The analysis methods of electron-microscopic images for automation of building histograms of nanoparticle size distribution
Abstract
In that work a describing of automated system is made an introduction, which allow to identify particles, that are look after on electron-microscopic images, and to determine their size, area and length of borders independently. Particle identification is based on a threshold criterion, which has low computational complexity, but has proven to be quite effective when applied to SEM and TEM images. Visual control of correct particle identification is facilitated by colorizing images. The proposed software system has a high performance, and the processing of a typical SEM imagine usually take less than 10 seconds. The proposed approach was tested on different vacuum condensates and shown high efficiency for different SEM and TEM images. It is effective for simple pictures, which are characteristic for samples, formed by melting of sufficiently thick polycrystalline films. This approach can also be used for quantitative processing of images obtained from films condensed by the vapor-liquid mechanism.
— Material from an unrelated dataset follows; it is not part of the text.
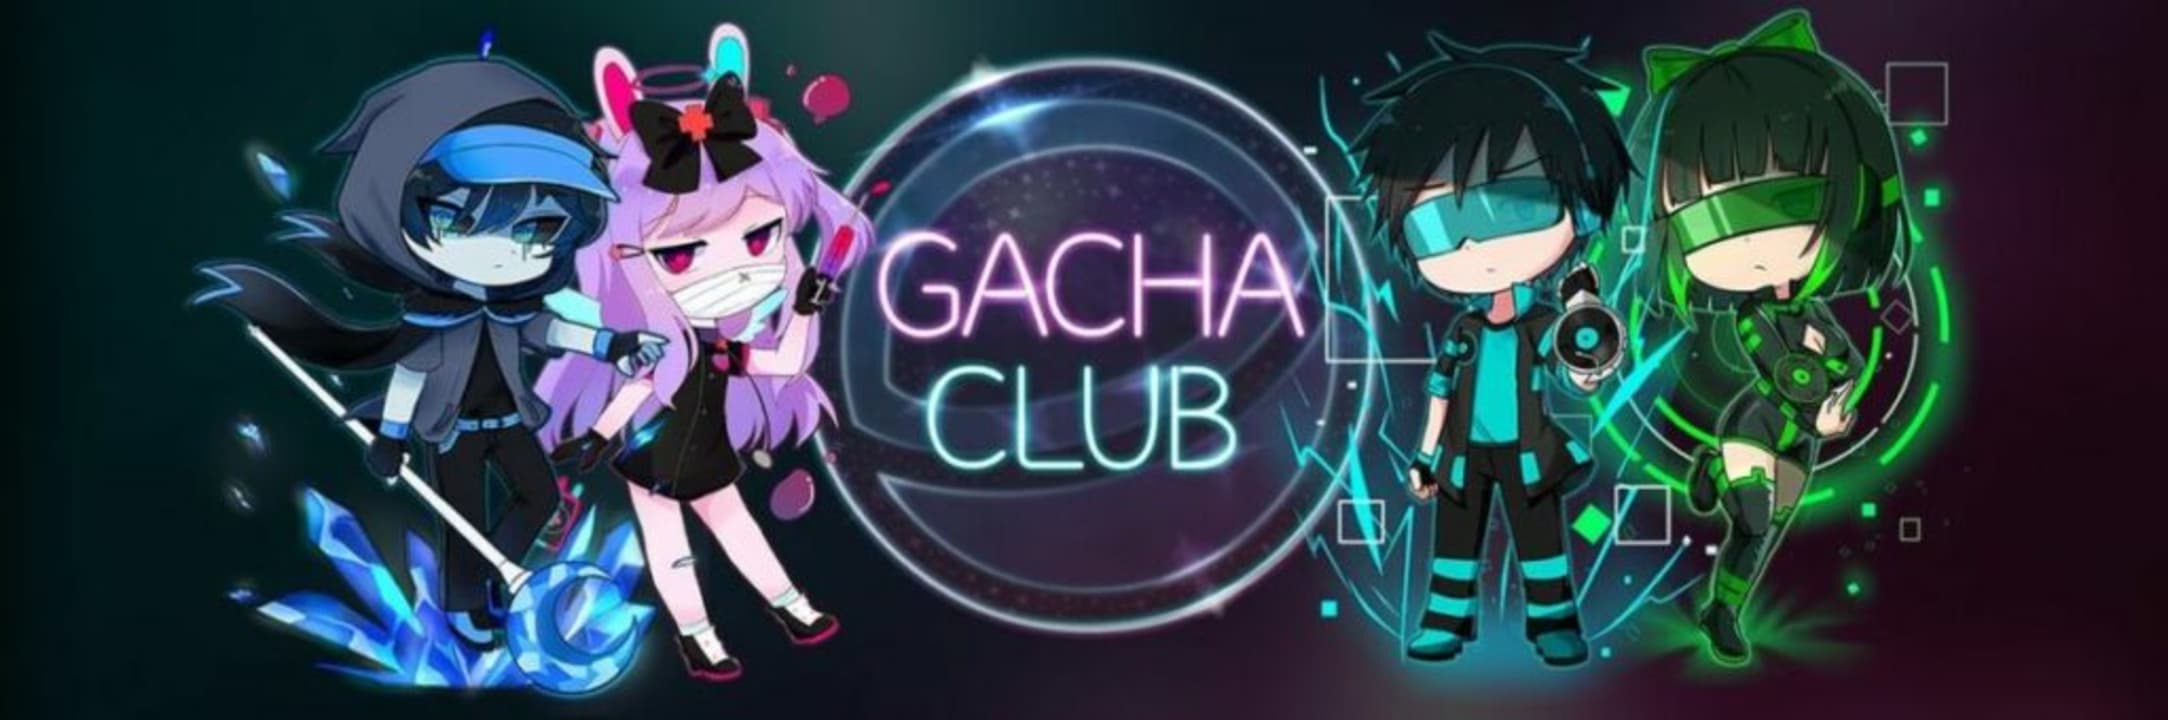 Gacha Club logo and avatars examples

Usually such images are difficult for automatic processing. Data on the size dependence of the most probable particle radius formed during melting tin films, full width at half maximum of histograms of their size distribution and excess energy, stimulating the process of de-wetting of films were received by using the proposed software. It is shown that particle size distribution for samples obtained by melting initially continuous polycrystalline films is single-mode and has normal character. The ratio of the full width at half the height of the distribution histogram to the most probable particle radius does not depend on the film thickness. Applying offered method for alloys films let to establish the effect of composition on films’ de-wetting and to show, that sequential vacuum condensation and subsequent melting are a easy method of forming arrays both single-component particles and alloys particles.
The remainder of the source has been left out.